FinTech innovators in the early stages of development can have unproven operating models.  An incumbent entering into a partnership with a FinTech must be cognisant of the risk it presents, particularly if it is in the early start-up phase with an unproven operating model.  Contracts and agreements should be carefully crafted to manage risk whilst allowing sufficient space for innovation and growth.

Leverage data assets

Traditional banks have deep data sets at their disposal.  This represents one of their most precious, yet underutilized assets. Clear expectations and agreements surrounding data sharing and ownership must be established at the beginning of any partnership to avoid frustration or data breaches.

Tech innovations can help traditional financial institutions to release value from this asset by extracting pertinent customer insights. Data can be leveraged to improve and expedite the customer journey, making it quick and convenient. 

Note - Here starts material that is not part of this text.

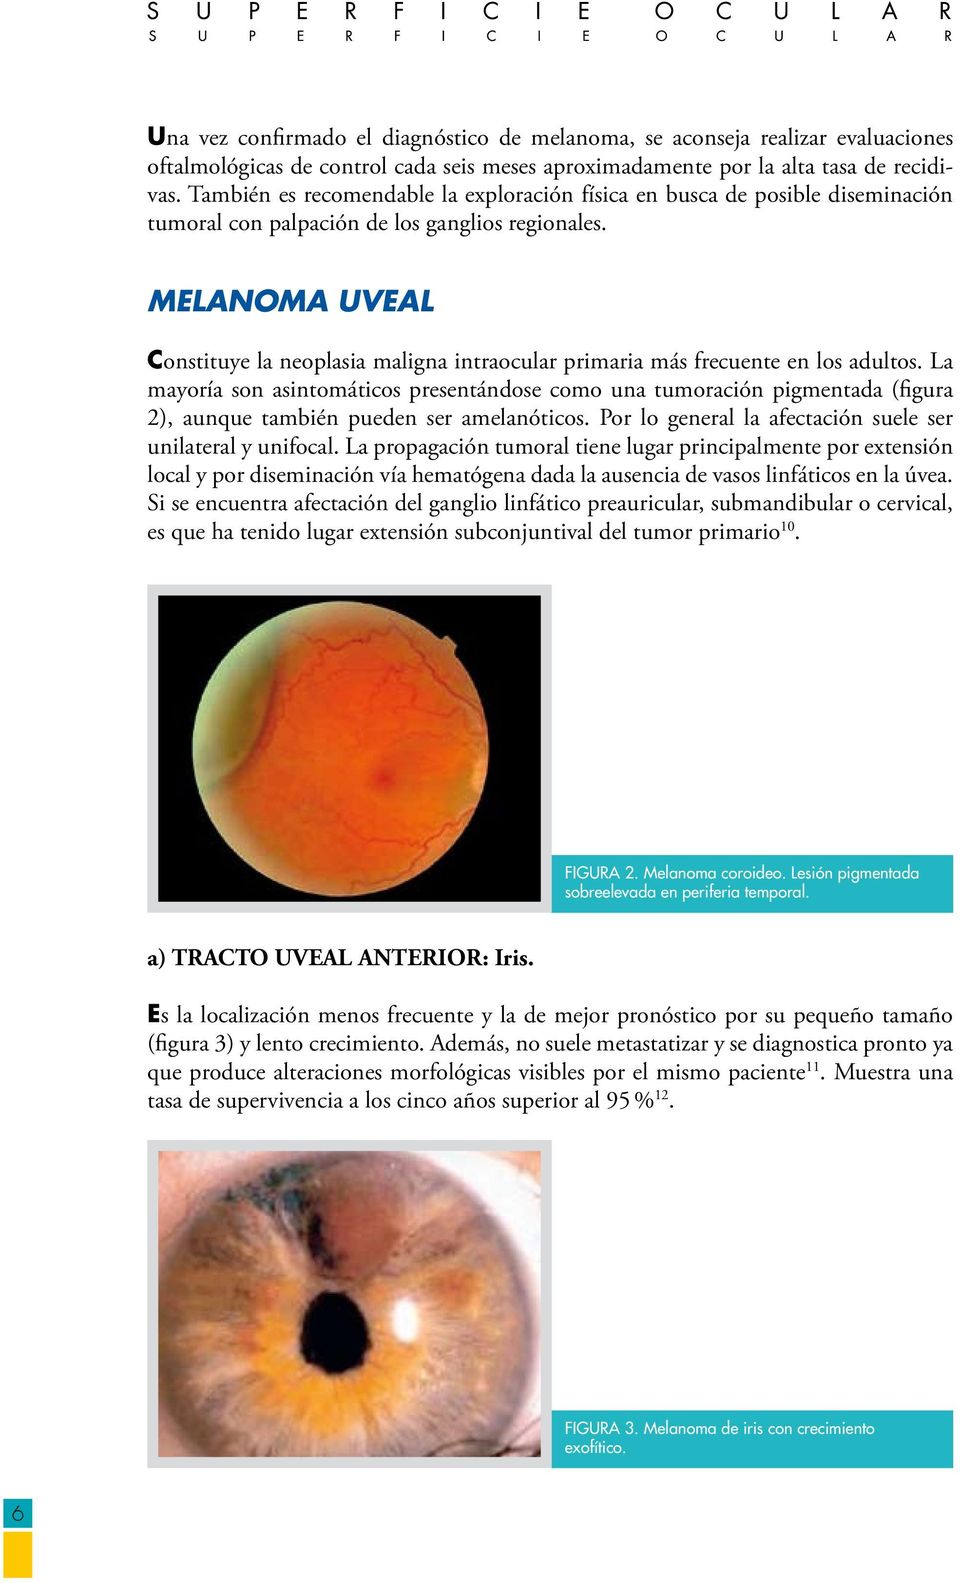 MELANOMA UVEAL Constituye la neoplasia maligna intraocular primaria más frecuente en los adultos.

Data can also help to manage risk.  Advanced analytics, together with a broader range of data sources, have enabled FinTech firms to test new risk management and underwriting models, resulting in costs efficiencies and expanded potential customer bases. 

Make it personal

In an age of ultra-personalised and highly targeted data-informed financial services, traditional banking products are in danger of being commoditized.  By harnessing tech innovations, incumbents can offer its customers a more tailored product - an approach illustrated by Goldman Sachs’ investment in Better Mortgage – and personalised customer engagement through developments such as VR and biometric solutions.

Un-bundle

Instead of a challenge, the unbundling of products to single services, offers an opportunity for banks.  Strategically targeting FinTech start-ups which have solved a single, meaningful problem for a specific group of customers and built a business model around it could represent a fresh revenue stream for established Financial Services providers.

Beware of the FAANGS

The critical question in the coming decade will be one of critical mass: will the collaboration between new and traditional financial services providers be sufficient to stave off the more intense competition posed by the tech Giants such as Google, Amazon and Apple as they threaten to unsettle the Financial Services ecosystem?    

Only by true and transparent collaboration can the combination of FinTech and established financial services operators hope to retain and grow their market share and keep the financial aspirations of the FAANGs in check.